A similar awareness campaign in Britain that started with a slogan, “Clunk click, every trip”, back in 1971 got a great response. The campaign starring Sir Jimmy Savile reminded motorists of two important things while driving: ‘clunk’ (the sound of door shutting) and ‘click’ (the sound of fastening seatbelt) during every trip. The Clunk Click slogan became very popular and was successful in persuading people to buckle up. BBC reports, “Department of Transport figures show that advertising raised the percentage of drivers and front seat passengers wearing seatbelts to 37 and 39% by 1982.”

Drunk driving prevention

Drunk driving prevention campaigns have evolved from ‘Drinking & Driving Can Kill A Friendship’ and ‘Friends Don’t Let Friends Drive Drunk’ in 1983 to ‘Drive Sober Or Get Pulled Over’ and ‘Buzzed Driving is Drunk Driving’ of today.

Drinking Driving Can Kill a Friendship Sign

In 1998, America experienced its lowest number of alcohol-related fatalities (since the US DOT began keeping records) due to successful drunk driving prevention campaigns [Image via Duke University]

Forest fire prevention

The longest running Public Awareness Campaign in Ad Council’s history, Smokey Bear and his message “Only You Can Prevent Forest Fires,” was a great hit.

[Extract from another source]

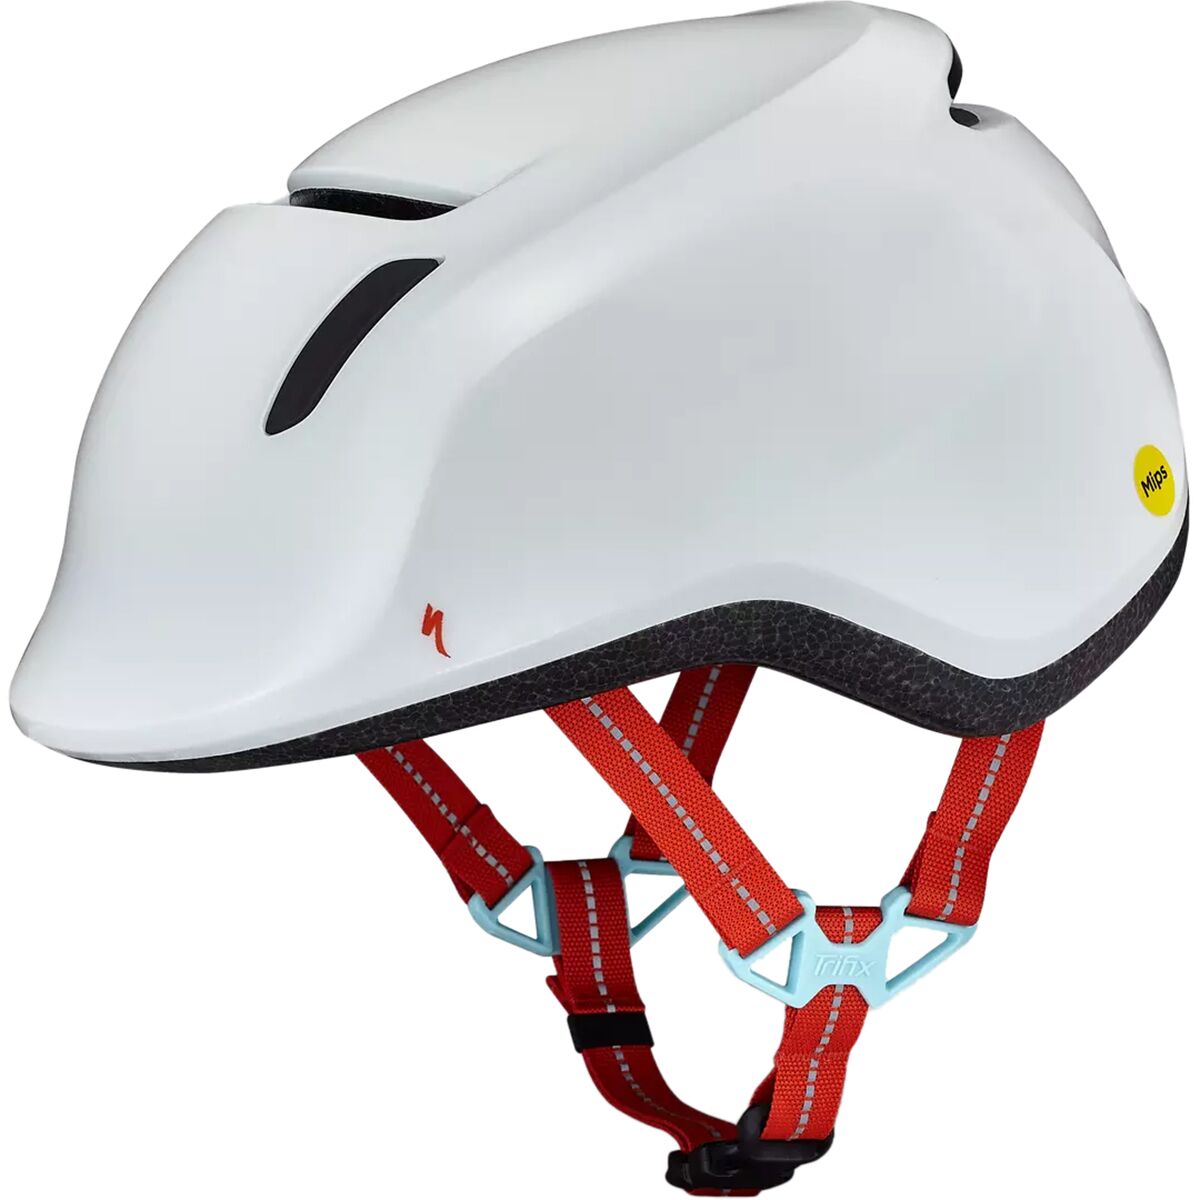 Specialized Mio 2 Mips Helmet - Kids' Dune White, One Size

It reduced the number of acres of land lost due to fires annually from 22 million to 8.4 million (in 2000).

Smokey Bear Campaign Sign

The United State Forest Service created Smokey Bear to educate people and children about the danger of forest fires back in 1944. [Image by SmokeyZone]

Beyond road safety

Signs have been an important tool in hundreds of successful campaigns, one being the hit ‘Don’t Mess with Texas’. The campaign started in the 1980s by the Texas Department of Transportation (DOT) to keep the state clean and litter-free. The slogan means ‘throw your trash in a trashcan’ and began from Texas highways, but is now popular nationwide.

Don't Mess With Texas Sign

A slogan that has caught up with everyone: Don’t Mess With Texas [Image by So Max O]

Desktop icons, litterbags, stickers, or decals – you can find the ‘Don’t Mess with Texas’ message everywhere. In a survey conducted by the Texas DOT, 95 percent of Texans recognize the slogan. Forty eight percent of the respondents came across the ‘Don’t Mess with Texas’ slogan on street or highway signs.

The slogan, however, started being used more in trash talking and braggadocio over the time. Youngsters today get the message printed on personalized T-Shirts, mugs, and keychains as a symbol of bravado. Therefore, the Texas
DOT decided to revive the campaign to ensure that people remember the slogan is actually about not littering Texas.